The answer is that digital storytelling taps into the same need that readers have to be transported by the power of words and images, but it also does something else.
It tells the audience the ‘why’ of your business as opposed to the ‘what’, and in doing so, can help establish trust and loyalty, which, in turn, helps to drive all your other marketing goals.
If you’re not sure how to create storytelling campaigns on social media that'll appeal to your audience on a deeper level, these three examples of brands that have done it right might help spark your creative instincts.
When it first hit the market as an affordable replacement for expensive hotels, Airbnb seemed like a novelty act. It's since become a juggernaut, proving how much crowdsourced services work in the digital age.
But Airbnb doesn’t just sell a place to stay in its social media marketing. Instead, the company sells the sense of shared community, and the transformative experience that many hosts and guests feel when they connect with each other.
Nowhere is that more evident than on the company’s ‘stories’ webpage, where Airbnb curates wonderful travel stories from around the world.
Airbnb’s stories page includes videos that bring diverse experiences around the world to life, enabling visitors to immerse themselves in everything from an adventure in Sicily, to the old-world splendor of Cuba.
Notice how Airbnb is able to use social media as a vital means of sharing experiences that are meant to show the connections strangers can make through the company’s services?
Now think about your own business - for example, if you’re a dentist who specializes in painless procedures, you could mount a social media campaign in which people post videos talking about their worst fears about going to a dentist. Sharing these fears can make your audience feel like they’re not the only ones in the world who hate going to the dentist, but it can also serve as a powerful testimony about how your services remove these fears in one fell swoop.
You’re not telling a story about painless dentistry, you’re telling a story about comfort, security and relief for people who have a long-standing fear - understanding your specific story angle is important in developing your approach.
Marketing a toilet-paper company has some challenges, but Charmin has toed the fine line of using ‘potty’ humor to drive its social media marketing.
One perfect example is the company’s #EnjoytheGo social media campaign, which featured the familiar Charmin bear family.

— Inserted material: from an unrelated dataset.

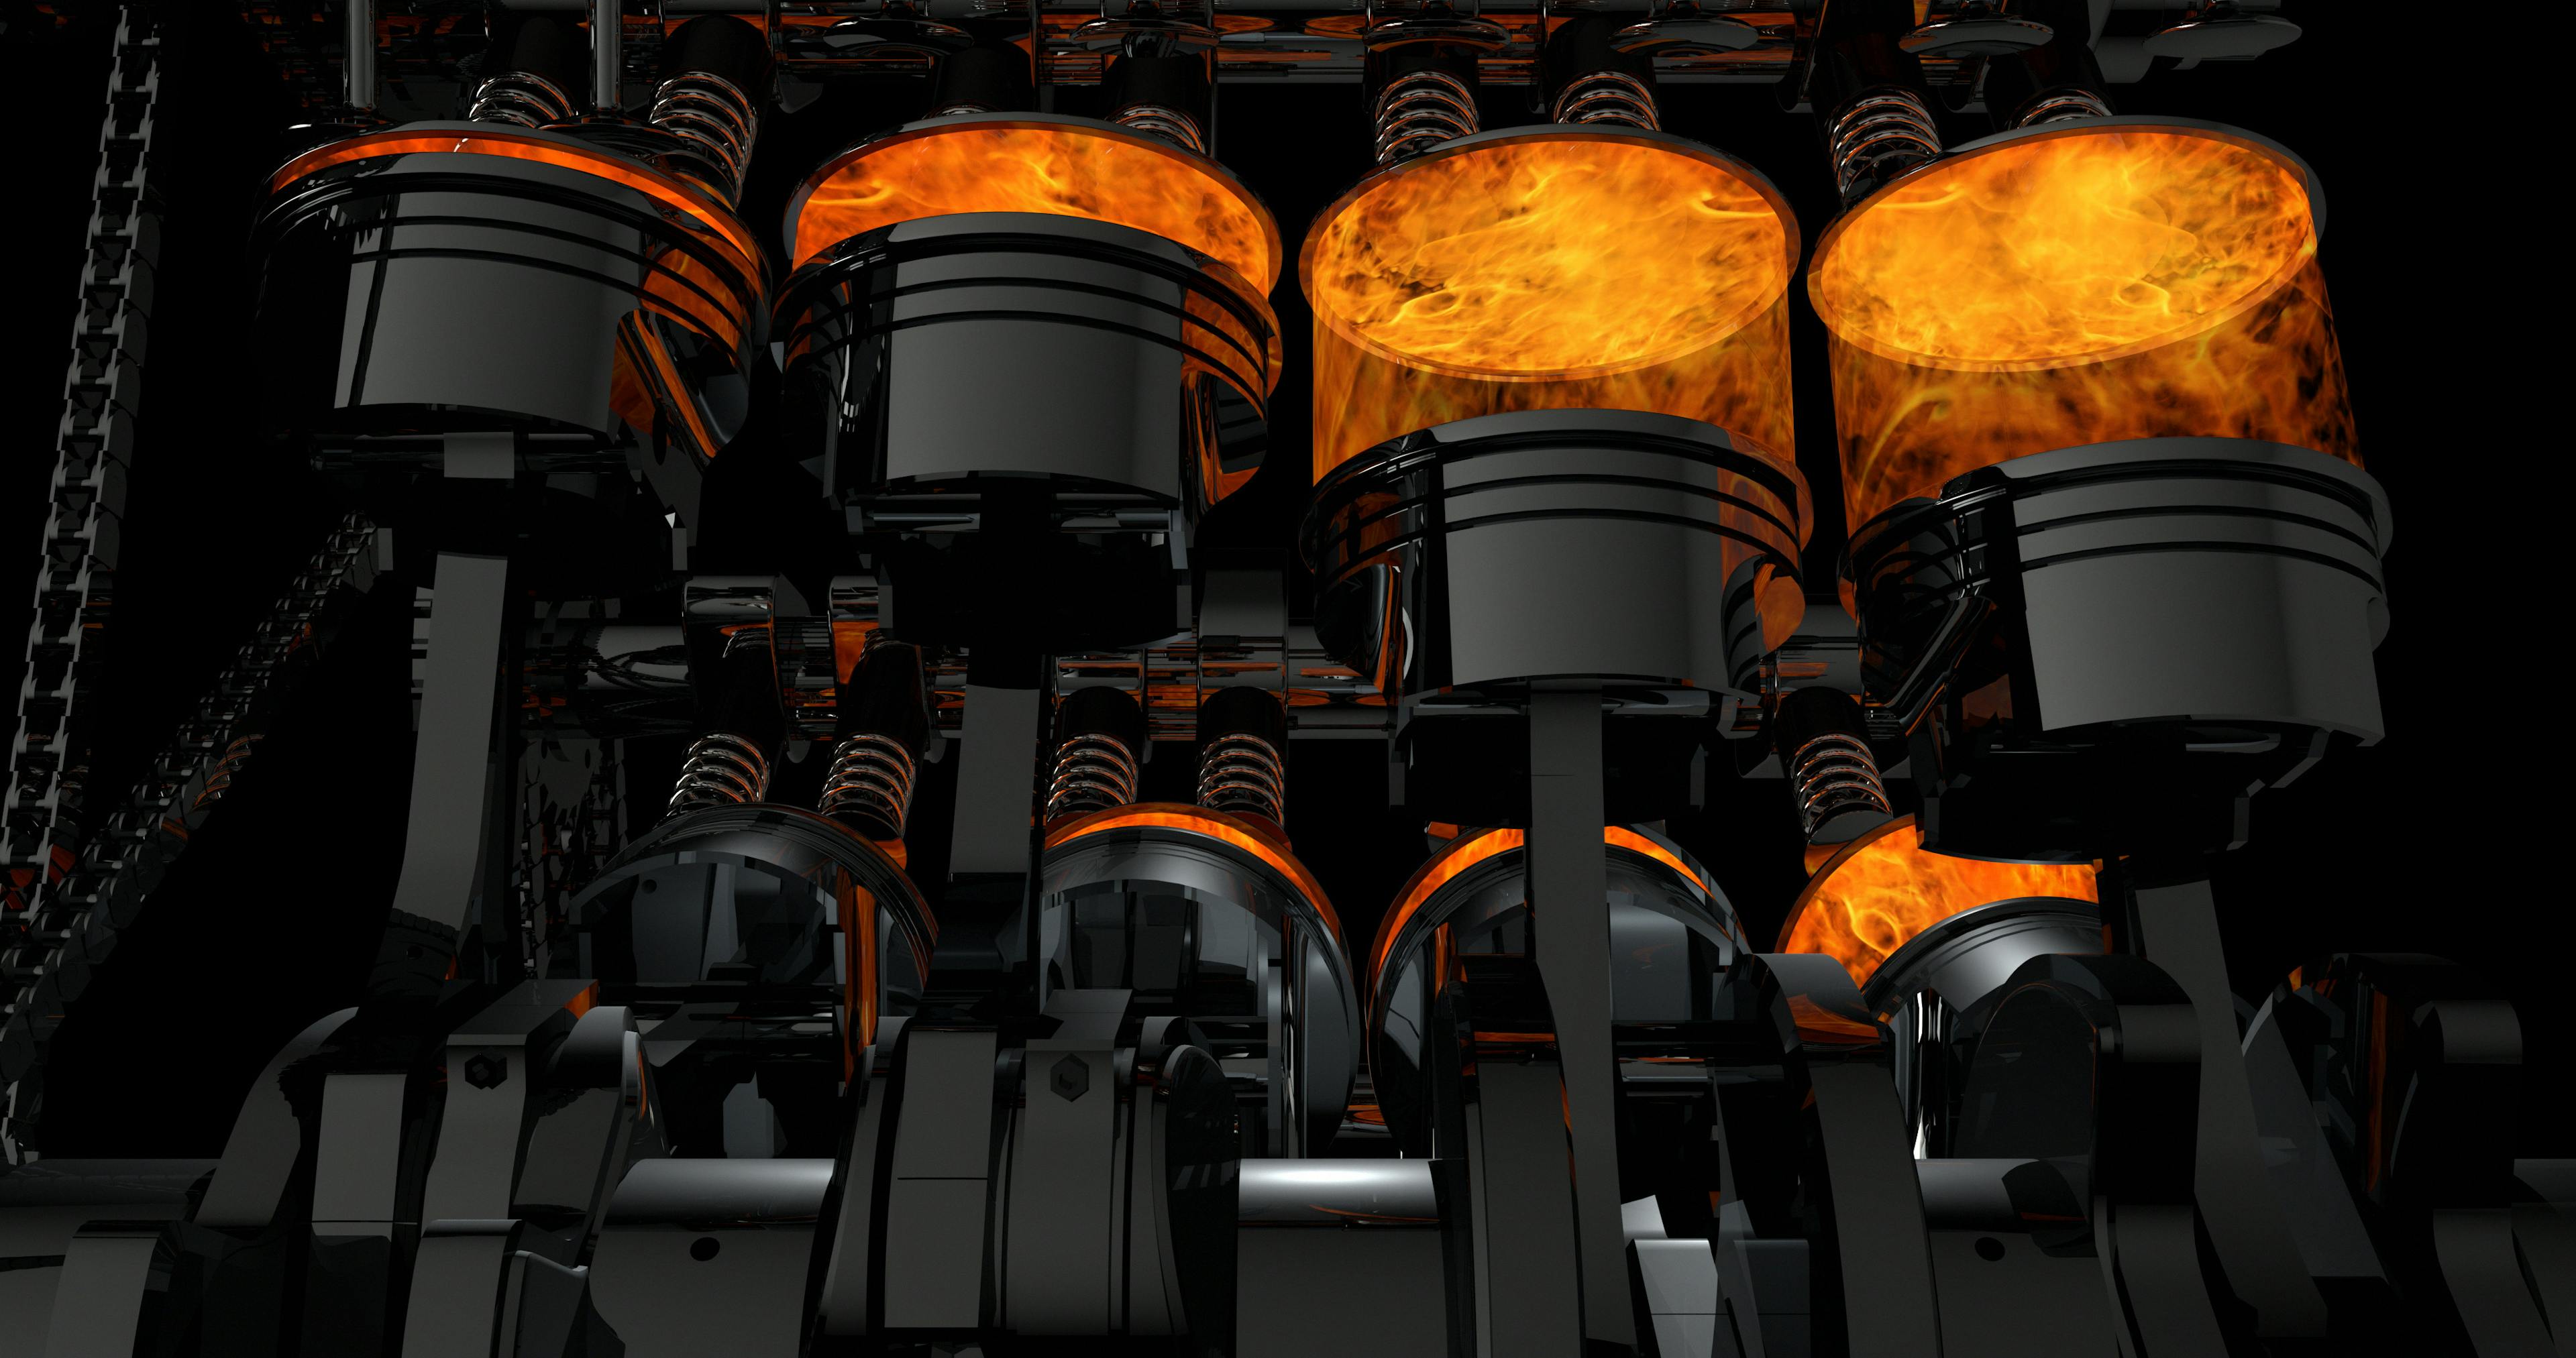 3D-model van een werkende V8-motor. Zuigers en andere mechanische onderdelen zijn in beweging.

In the campaign’s tagline of “Sit Back, Relax And Enjoy The Go,’ the word ‘go’ was clearly meant as a code word for visiting the bathroom.
Instead of referencing the act itself, Charmin's campaign was all about making the experience as comfortable and enjoyable as possible. The campaign even used words like “The relief, the calm, the clean, the joy, the pride.”

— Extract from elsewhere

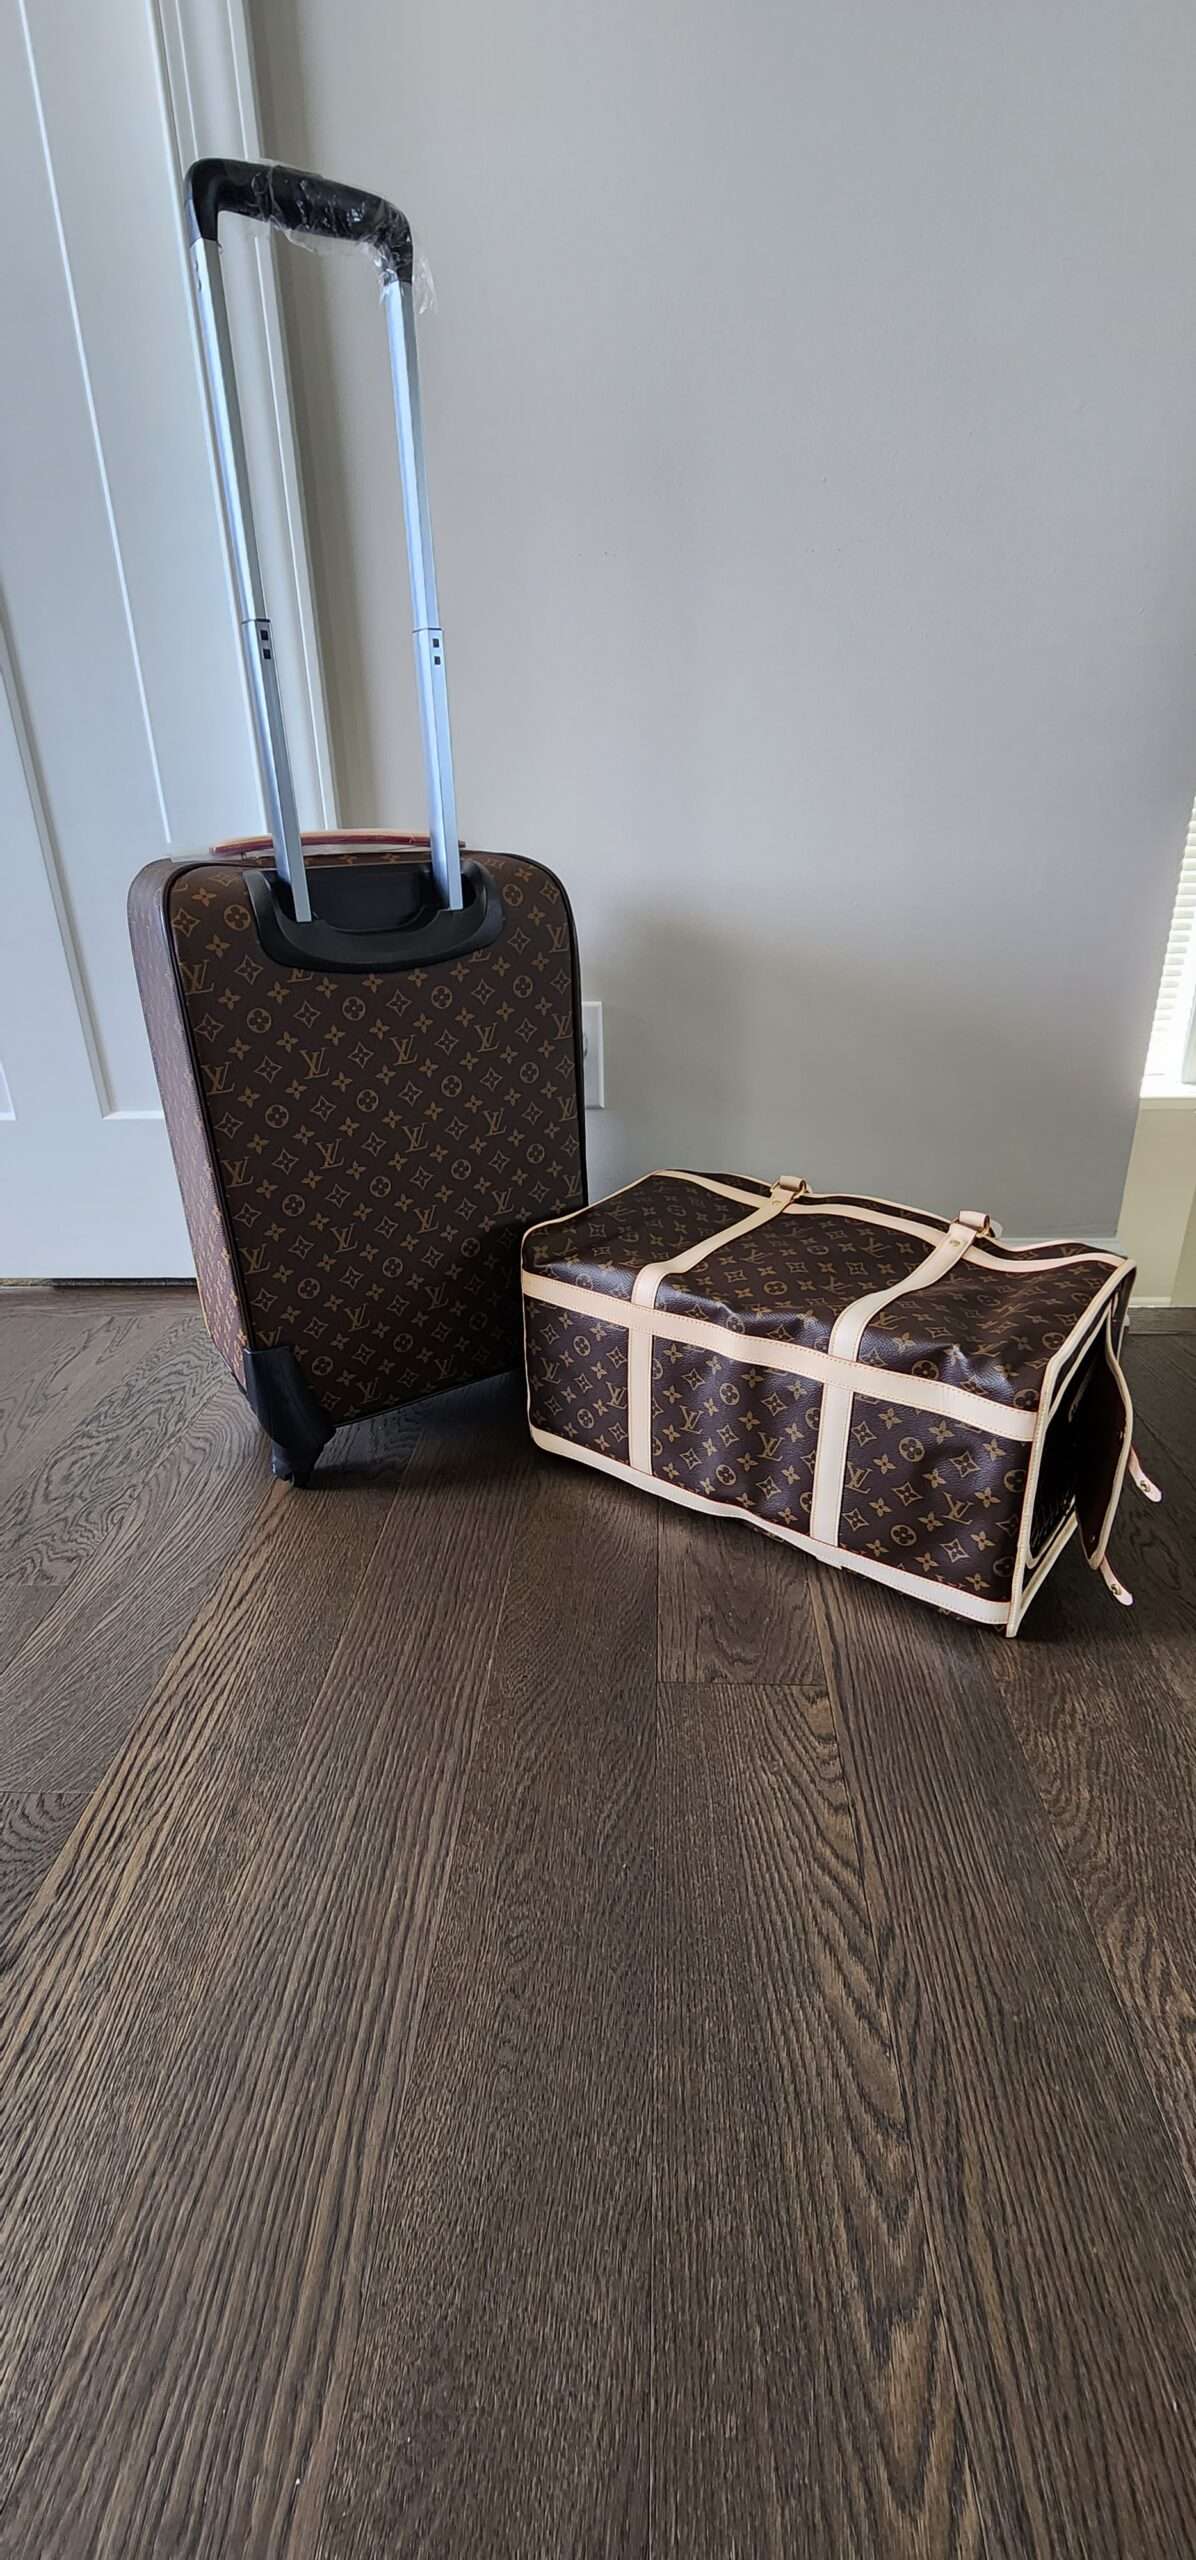 Louis Vuitton travel luggage set

Charmin’s storytelling is all about making a taboo subject as normal as talking about going for a swim or visiting the grocery store. By using humor with a subject that could easily be interpreted as offensive, Charmin has branded its product without actually ever talking about what that product does.
DirecTV has a "small fish in a big pond" problem.

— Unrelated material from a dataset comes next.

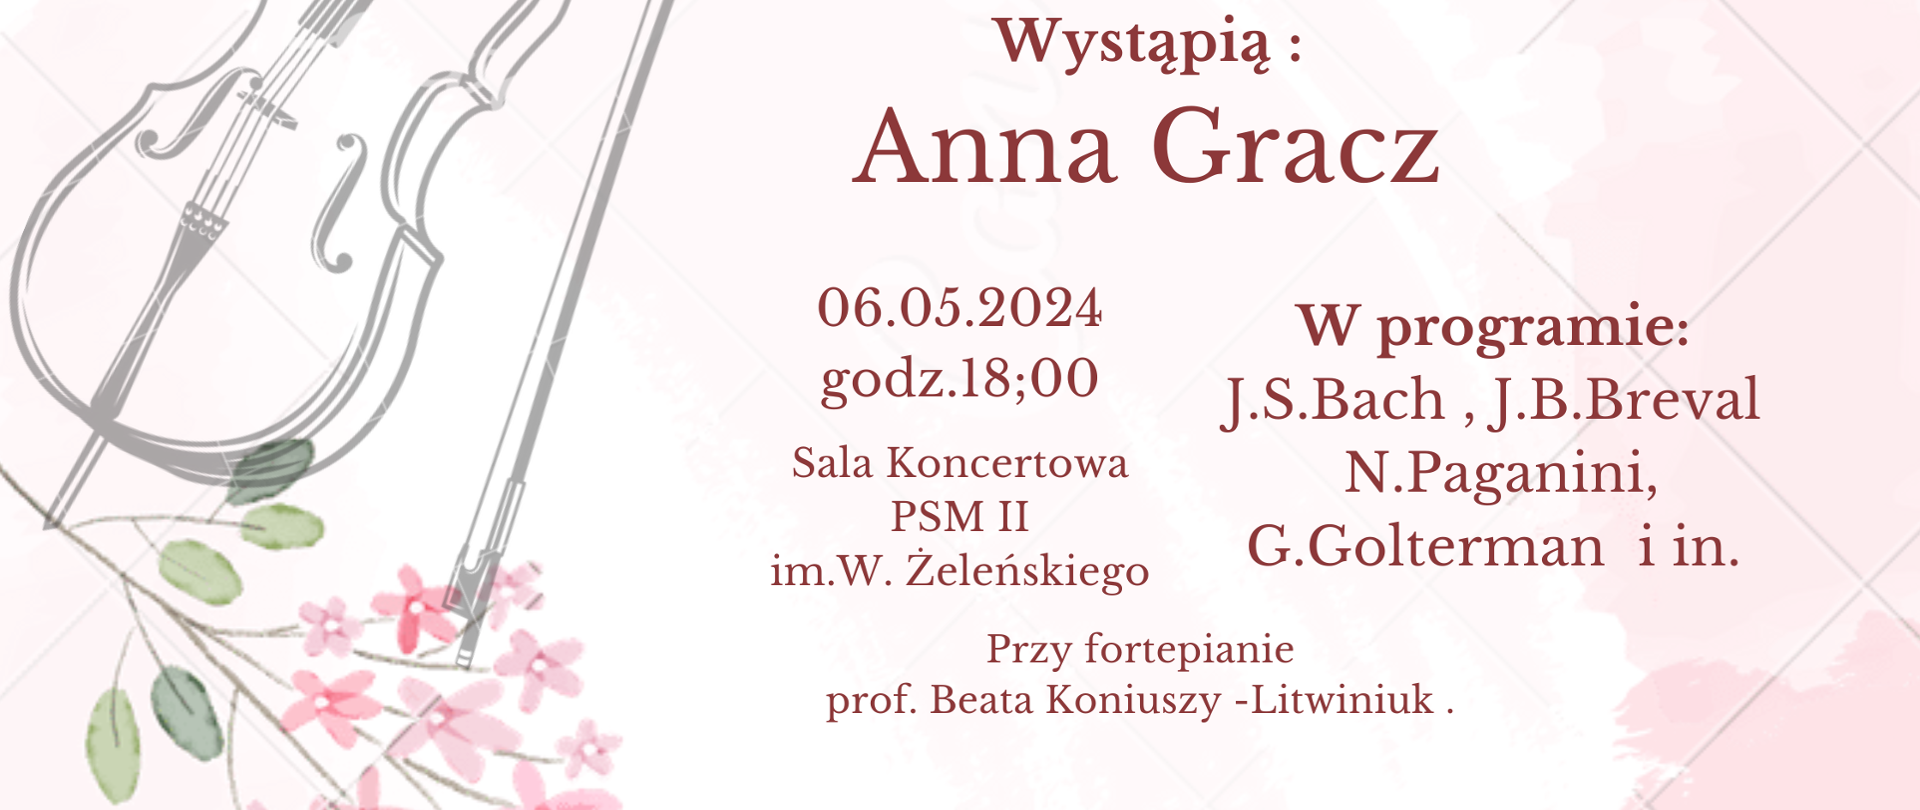 Audycja wiolonczelowa 06.05.2024 godz.18.00 plakat tło różowe z kwiatkami i obrazek wiolonczeli

The company is smaller than its giant cable competitors, and it's also playing in a different space, because it offers satellite services instead of cable, which is a much smaller piece of the industry pie. But instead of shrinking from the fight, DirecTV launched social media campaigns which target cable subscribers by showing how much their lives could improve by shedding cable.
The most memorable campaign featured well-known actor Rob Lowe, who appeared in spots in which he would play ‘good’ Rob Lowe, who switched over to satellite and was well dressed, stable and happy - versus ‘bad’ versions of Rob Lowe, who remained a cable subscriber and did nothing worthwhile with his life.
The storytelling in this campaign was brilliant, because it was such a primal, easy-to-understand good versus evil tale. On one side, the put-together version of Rob Lowe had achieved success and stability by investing in satellite. On the other, the seamy and downtrodden versions of Lowe had stuck with cable, and lived miserable, unchanging lives.
The campaign was successful, because it was funny, but also because it associated success, happiness and positivity with DirecTV, and misery and a lack of prospects with cable TV.
While outrageous and hilarious, the storytelling shone through in the American ideal of changing the status quo as a means of upward mobility - and DirecTV did all of that in less than 60 seconds through narrative and impressive visuals.
Although that campaign ended a few years ago, DirecTV is mining the same territory with its new campaign in which it compares ‘weird’ people who enjoy uncomfortable or painful situations (like hot coffee being poured on their thighs), and normal people who enjoy subscribing to DirecTV.
If you can find a humorous and/or outrageous way to contrast one group that would find your product or service appealing, with another group that “just doesn’t get it,” you can likely find storytelling success.
Storytelling Is Human-Centered Marketing
People love stories because they crave a sense of connection to something outside of themselves. And when marketers find creative ways to sell the human side of their products and services, instead of the actual products and services, they can hit significant pay dirt.
Storytelling is basic communication - it has a beginning that hooks your audience, a middle that presents the problem, and a happy ending. Tap into that primal need, and you can boost your brand awareness - and ultimately increase conversions.